Add this shuffle to the same bug - I think its the same culprit.

This revision is now accepted and ready to land.Jan 15 2019, 1:17 AM
spatel marked 2 inline comments as done.Jan 15 2019, 7:47 AM
spatel added inline comments.
test/CodeGen/X86/buildvec-extract.ll
412
This revision was automatically updated to reflect the committed changes.
spatel marked an inline comment as done.

Hello. I am investigating a crash and this assertion failure on AArch64:

lib/CodeGen/SelectionDAG/SelectionDAG.cpp:1548: llvm::SDValue llvm::SelectionDAG::getVectorShuffle(llvm::EVT, const llvm::SDLoc&, llvm::SDValue, llvm::SDValue, llvm::ArrayRef<int>): Assertion `VT.getVectorNumElements() == Mask.size() && "Must have the same number of vector elements as mask elements!"' failed.

Bisecting is blaming this commit. I've only just started debugging this (and it is hitting this new function), but just wanted to share this in case you have some ideas and thoughts on this. This is my reproducer:

target datalayout = "e-m:e-i8:8:32-i16:16:32-i64:64-i128:128-n32:64-S128"
target triple = "aarch64-unknown-linux-gnu"

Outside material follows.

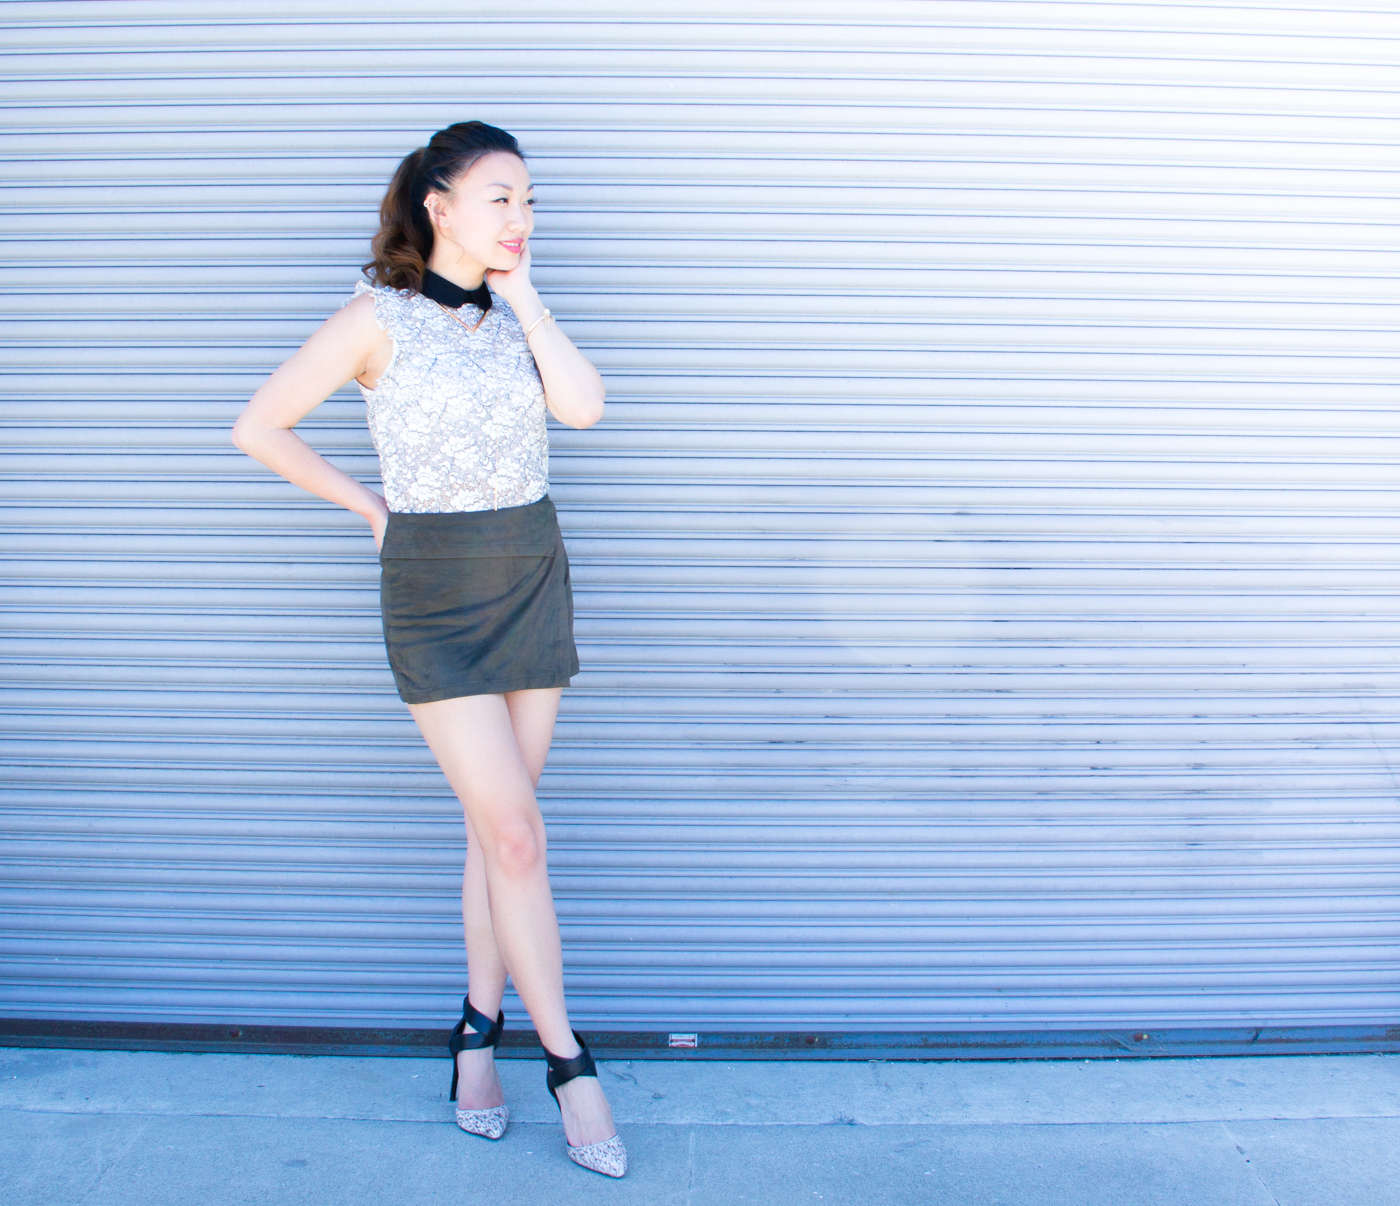 Zara lace top & Enzo Anglioni heels | via The Chic Diary
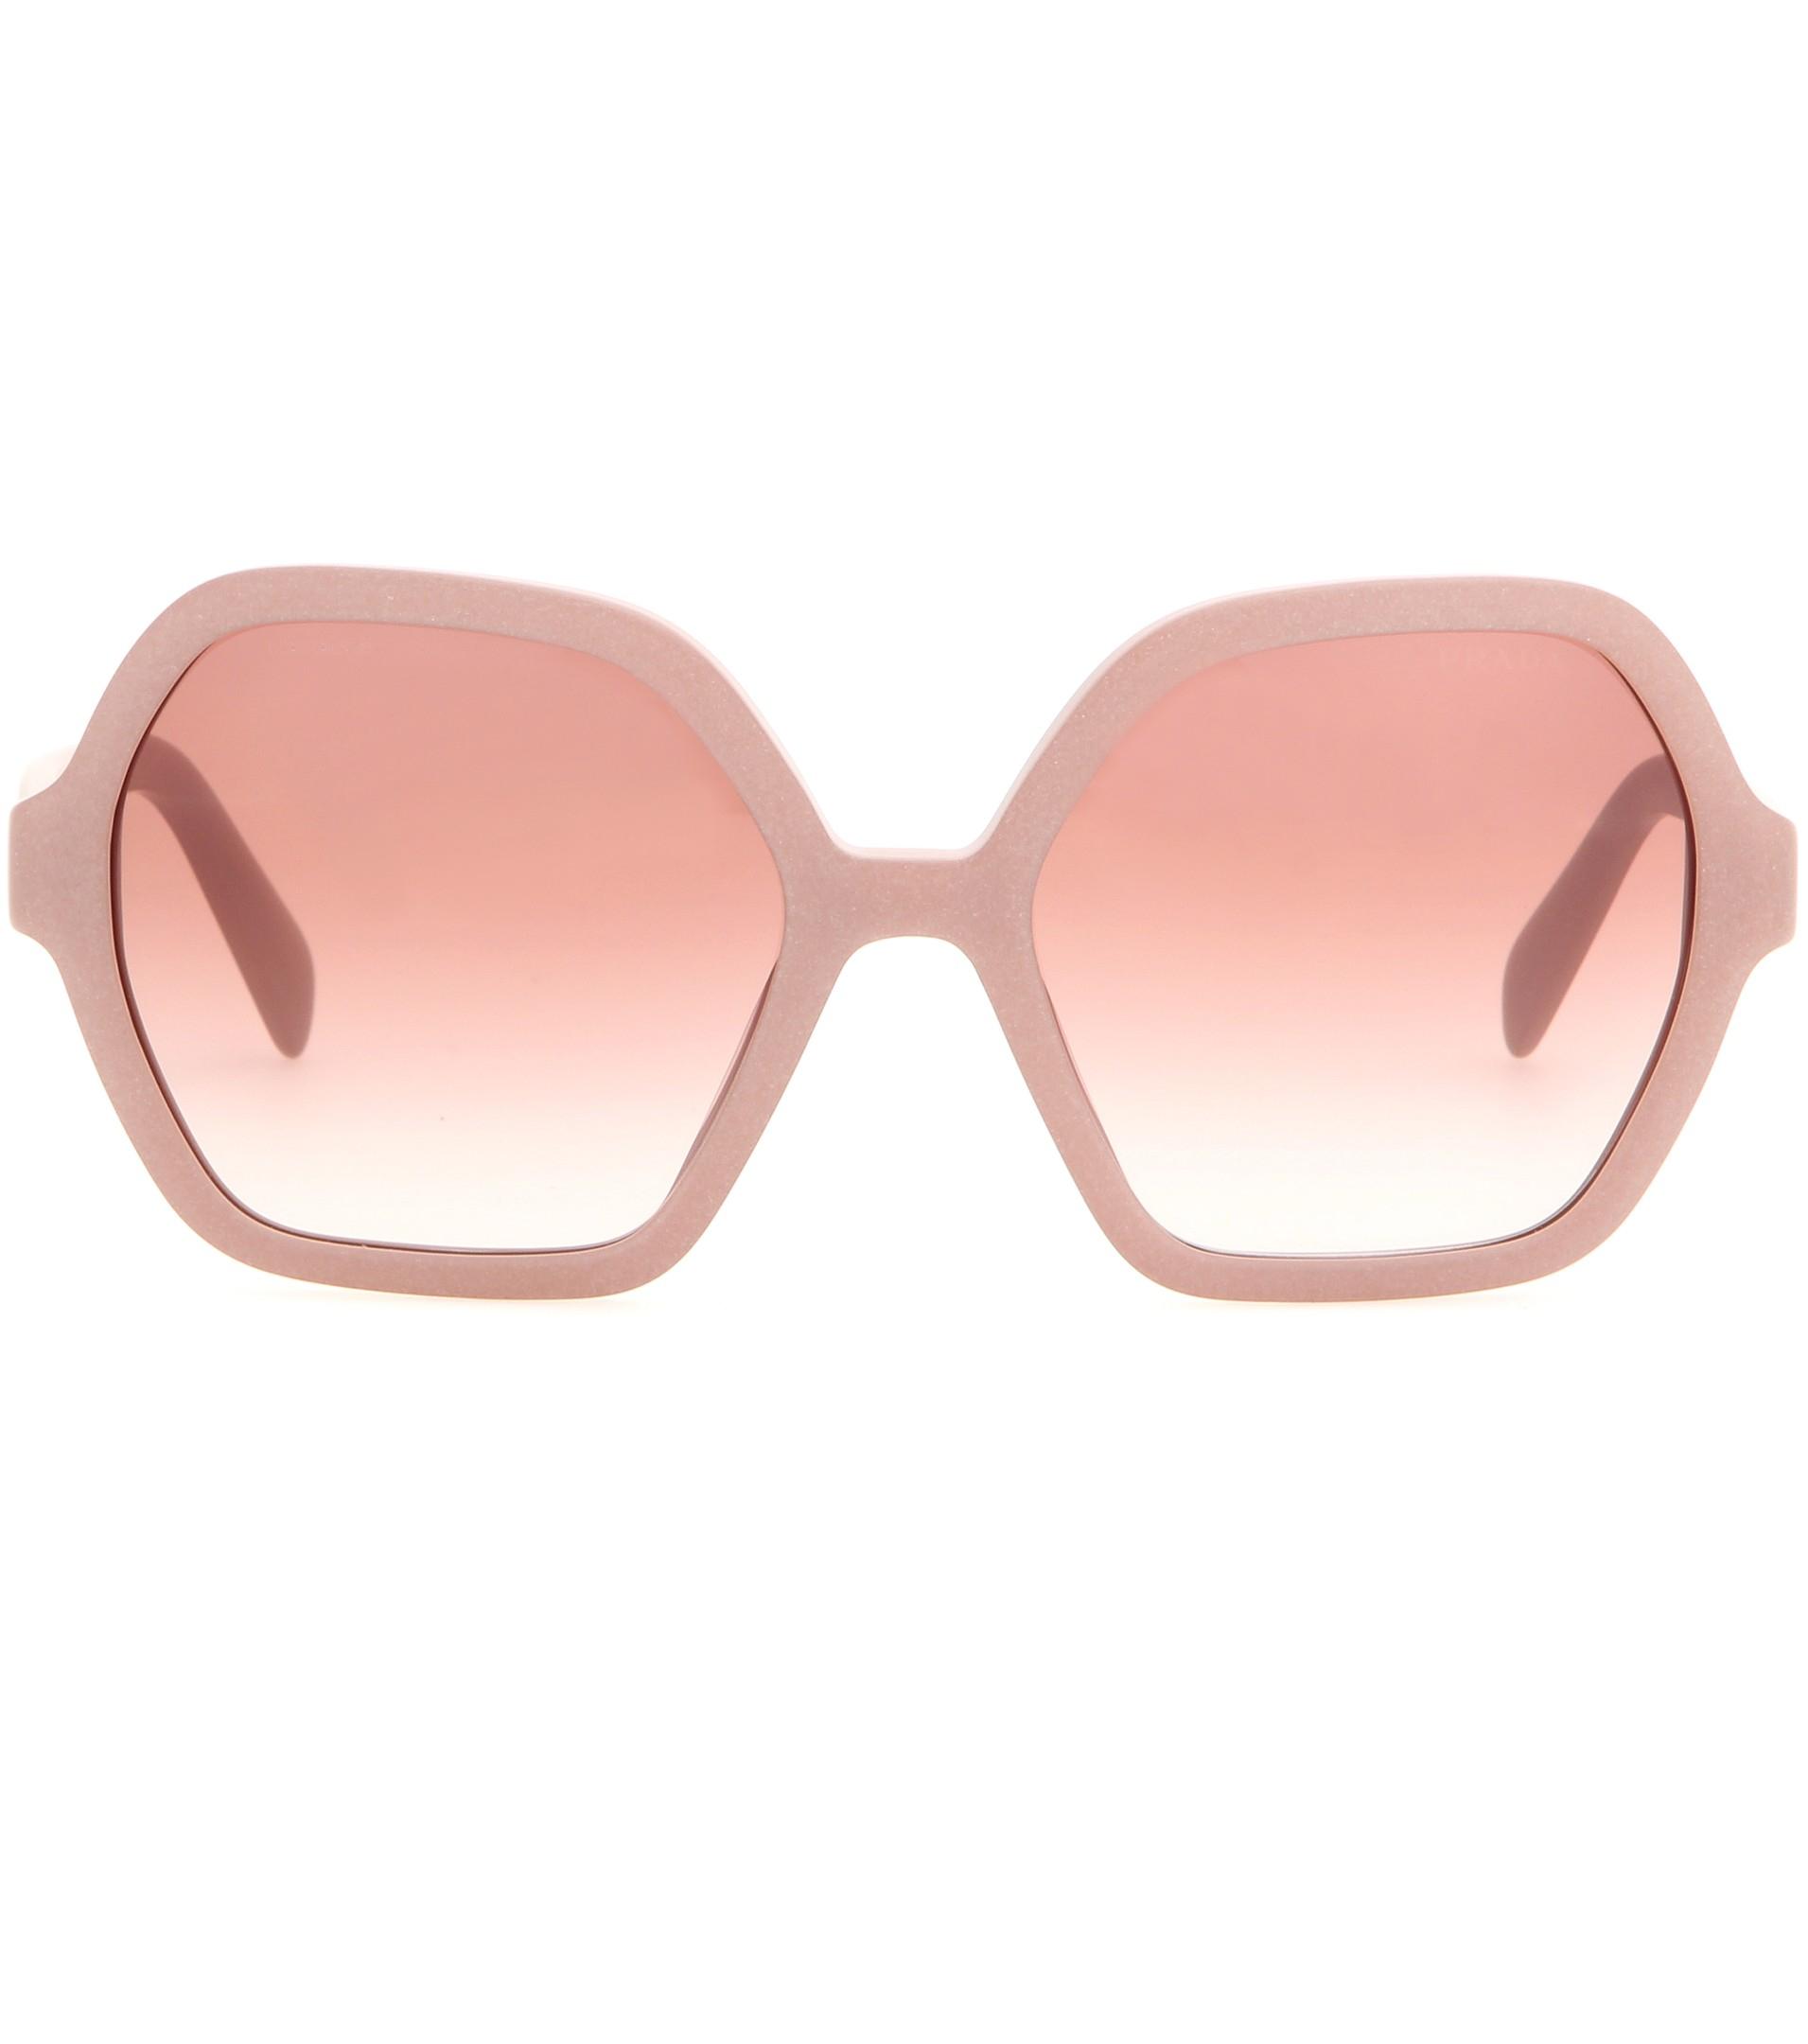 7a0936d0671 hot prada 21us womens cats eye sunglasses 3c39f b6899  best lyst prada  sunglasses in pink de258 b1a6a

@a = common dso_local local_unnamed_addr global <4 x i16> zeroinitializer, align 8
@b = common dso_local local_unnamed_addr global i32 0, align 4

; Function Attrs: nounwind
define dso_local i32 @vqmovns_s32() local_unnamed_addr {
entry:
  %0 = load <4 x i16>, <4 x i16>* @a, align 8
  %1 = extractelement <4 x i16> %0, i32 2
  %vgetq_lane = zext i16 %1 to i32
  %2 = insertelement <4 x i32> undef, i32 %vgetq_lane, i64 0
  %vqmovns_s32 = tail call <4 x i16> @llvm.aarch64.neon.sqxtn.v4i16(<4 x i32> %2)
  %3 = extractelement <4 x i16> %vqmovns_s32, i64 0
  %conv = sext i16 %3 to i32
  store i32 %conv, i32* @b, align 4
  ret i32 undef
}

; Function Attrs: nounwind readnone
declare <4 x i16> @llvm.aarch64.neon.sqxtn.v4i16(<4 x i32>)

Hello. I am investigating a crash and this assertion failure on AArch64:

lib/CodeGen/SelectionDAG/SelectionDAG.cpp:1548: llvm::SDValue llvm::SelectionDAG::getVectorShuffle(llvm::EVT, const llvm::SDLoc&, llvm::SDValue, llvm::SDValue, llvm::ArrayRef<int>): Assertion `VT.getVectorNumElements() == Mask.size() && "Must have the same number of vector elements as mask elements!"' failed.

I see the problem now: I forgot to verify that the build vector and the source vector of the extract element are the same size. Should have a fix committed soon.

I see the problem now: I forgot to verify that the build vector and the source vector of the extract element are the same size. Should have a fix committed soon.

Please see:
rL351753
rL351754

Filed a blocking bug for the 8.0 release:
https://bugs.llvm.org/show_bug.cgi?id=40394

Many thanks for your speedy responses and for fixing this!